HI some people keep 2 female corns together with out a problem others say its not such a good idea 2 male corn may fight if keept together. If you were to keep them together make sure they are a similar size so one dosnt eat the other.
As for geckos i know that some people keep leopard geckos (as well as other types) together but 2 males will fight, and somtimes they will bully each other for food and for favord hides. Might be best all round to keep things on there own except for breeding times.


----------



## Athravan (Dec 28, 2006)

A jungle corn snake is crossed with a king snake, which is cannabilistic. You cannot keep a king snake, or a king snake hybrid in with another snake - even their own species, as the risks of them munching someone else are high.

You cannot keep any lizard in with a snake. Lizards make up part of the natural diet in the wild of almost all snakes, and they will enjoy the treat you give them as a snack!

Almost all lizards two males will fight, although there are a few that can live in social groups.

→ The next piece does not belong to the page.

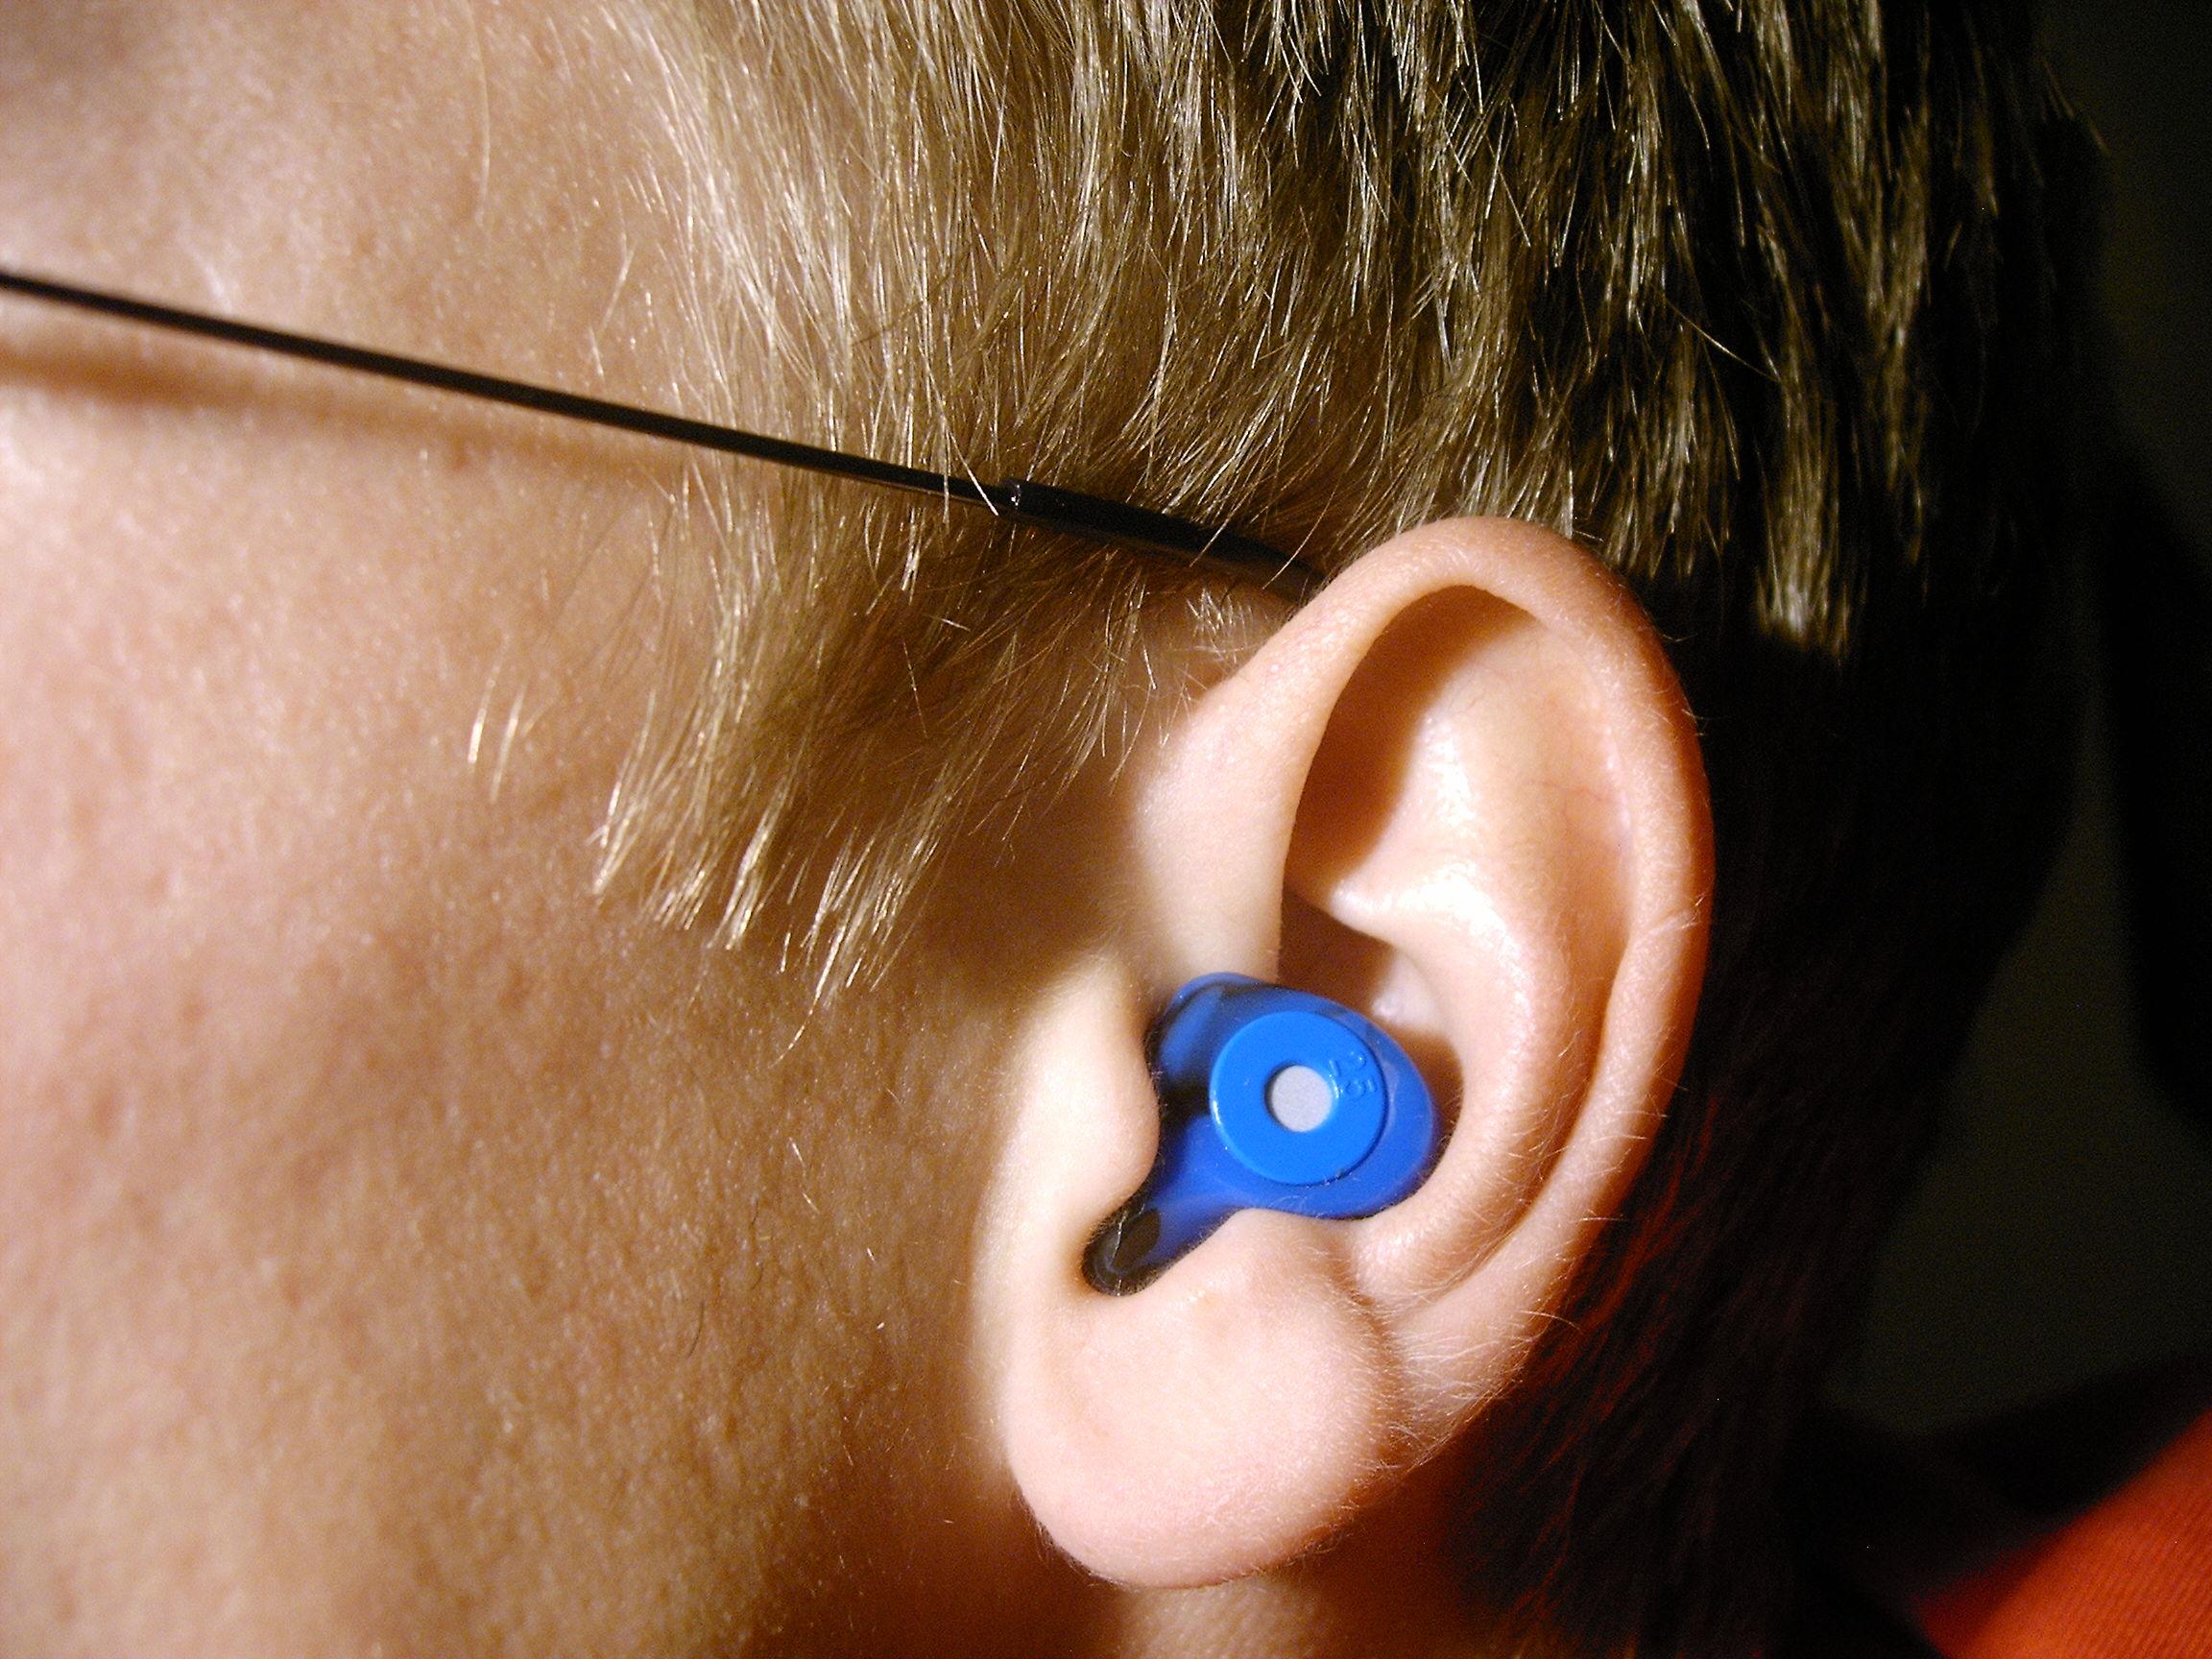 Silicone /& Foam PlugFones Guardian Series Ear Plugs with Built In Headphones

There are a few different species of lizard that can cohabit but the microclimate is harder to setup and maintain and there is still a possibility things can go wrong.

The questions to ask are... would they exist in the same place together in the wild (the answer needs to be yes), is there any chance one can become lunch (the answer needs to be no), and is there any chance there can be problems due to sexual harrassment, hybridisation and forced breeding (again, answer needs to be no..) If you can answer correctly to the above you could possibly consider keeping two species of lizard in together... but it's almost impossible to find animals that would exist together in the wild but not prey on each other.

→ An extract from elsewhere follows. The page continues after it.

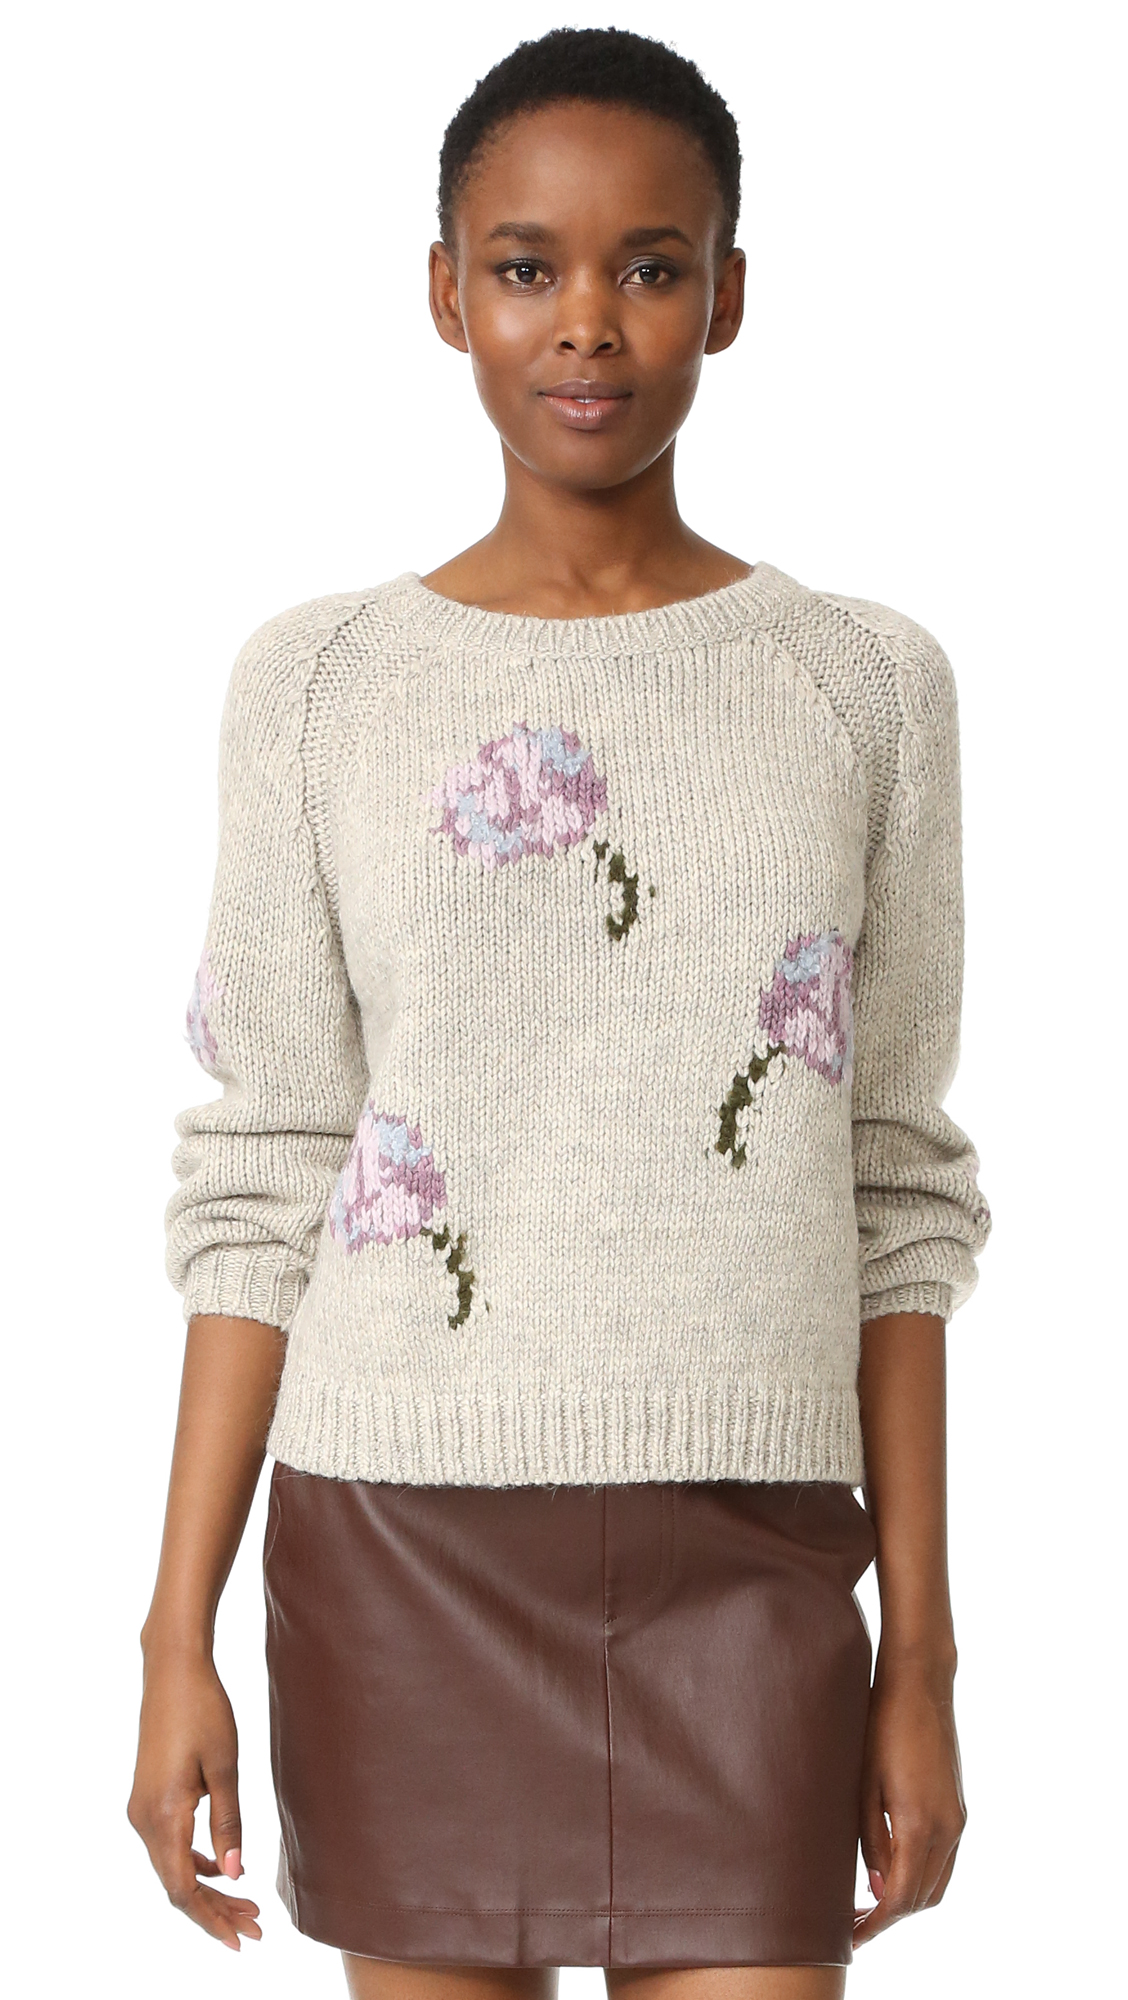 bbf3de125c7 La Vie Rebecca Taylor Floral Intarsia Pullover - Light Grey Melange

Some snakes can be kept together if the same species, but there are still things that can go wrong and reasons not to do this, although many people still choose to do so. Most people do not consider same species of snakes together totally wrong (as long as they are not cannibalistic), but mixing most different species, or putting totally different animals (ie. snake & lizard) in together is just a recipe for disaster, and again, unless they would cohabit in the wild, there is no way you should mix the species in captivity.


----------



## matt1977 (Jul 1, 2007)

:bash: Doh i didnt read the correctly lol, for some reason my sleepy eyes didnt see the bit that said keep snake and lizard together. Someone make me a coffee.


----------



## Philcw (Feb 7, 2008)

Yeah i know somebody that out in a baby anole woth a king and the king thought...FOOD!

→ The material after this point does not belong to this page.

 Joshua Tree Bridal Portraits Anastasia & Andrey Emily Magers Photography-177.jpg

so the biggest risk would defo be that. Well unless you were thinking of having a bosc monitor or iggy with a corn then it would be the other way round lol


----------



## Emmaj (Dec 3, 2007)

the way i look at it is 

is it really worth the risk keeping more than one reptile together...........i would say NO 

If you dont have the money or space to have 2 set ups then just get the one 

i had alot of reptiles at one point and not 1 of mine was housed together not even the same species i wasnt willing to risk it


----------



## Matt Harris (Aug 21, 2007)

Emmaj said:


> the way i look at it is
> 
> is it really worth the risk keeping more than one reptile together...........i would say NO
> 
> ...


On the other hand, lots of people have 'community' set-ups which can make for very interesting displays.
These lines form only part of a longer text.